Research has documented that most men become much more jealous about sexual infidelity than they do about emotional infidelity. Women are the opposite. The prevailing theory is that the difference has evolutionary origins: Men learned over eons to be hyper-vigilant about sex because they can never be absolutely certain they are the father of a child, while women are much more concerned about having a partner who is committed to raising a family.

New research conducted by Pennsylvania State University psychologists now suggests an alternative explanation. The study argues that the difference may be rooted more in individual differences in personality that result from one's relationship history but that can fall along gender lines. The findings appear in Psychological Science.

The researchers doubted the prevailing evolutionary explanation because there is a conspicuous subset of men who like most women find emotional betrayal more distressing than sexual infidelity. Why would this be? Some people—men and women alike—are more secure in their attachments to others, while others tend to be more dismissive of the need for close attachment relationships.

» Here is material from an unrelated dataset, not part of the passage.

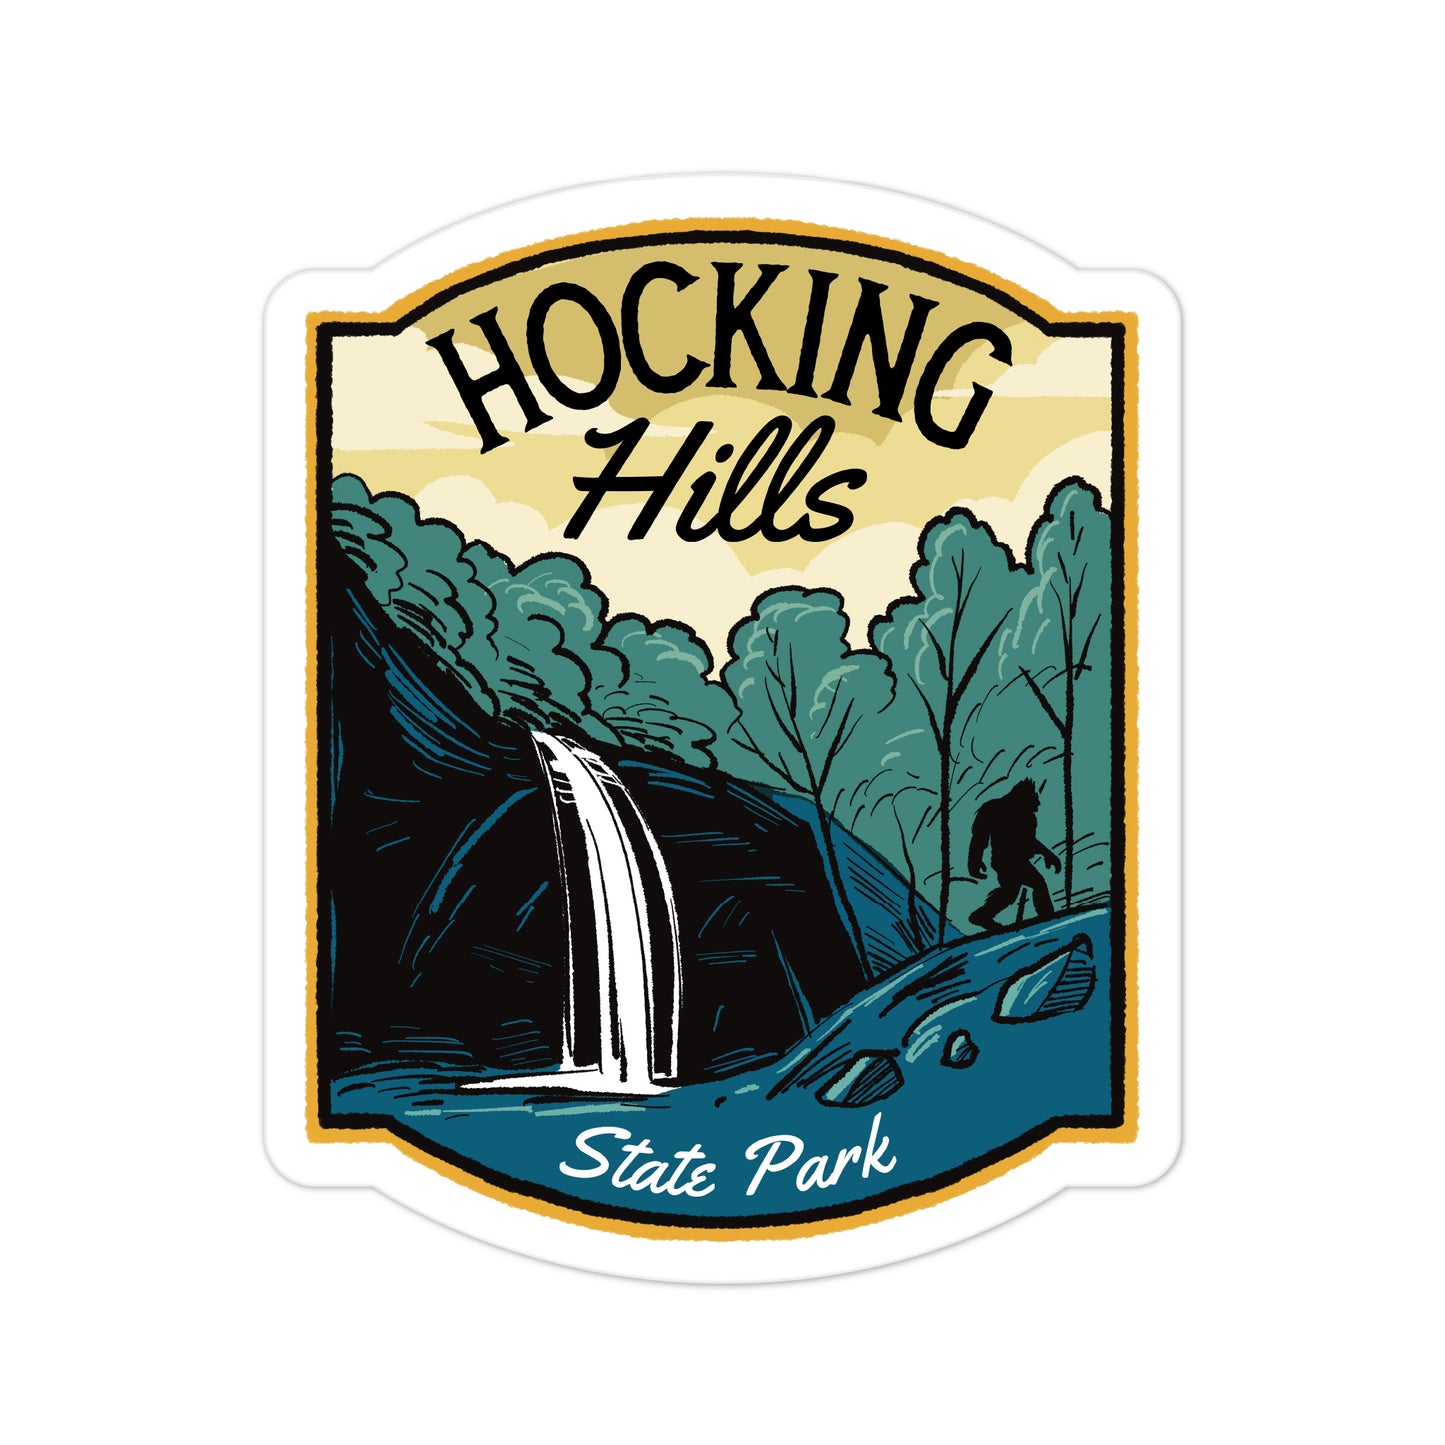 A sticker of Hocking Hills State Park

Psychologists see this compulsive self-reliance as a defensive strategy—protection against deep-seated feelings of vulnerability. Levy and Kelly hypothesized that these individuals would tend to be concerned with the sexual aspects of relationships rather than emotional intimacy.

Similar to earlier studies examining sex differences in jealousy, Levy and Kelly asked men and women which they would find more distressing—sexual infidelity or emotional infidelity. Participants also completed additional assessments including a standard and well validated measure of attachment style in romantic relationships.

The authors say the findings confirmed their hypotheses: those with a dismissing attachment style— who prize their autonomy in relationships over commitment—were much more upset about sexual infidelity than emotional infidelity. And conversely, those securely attached in relationships—including securely attached men—were much more likely to find emotional betrayal more upsetting.

These findings imply that the psychological and cultural-environmental mechanisms underlying sex differences in jealousy may have greater roles than previously recognized and suggest that jealousy is more multiply determined than previously hypothesized.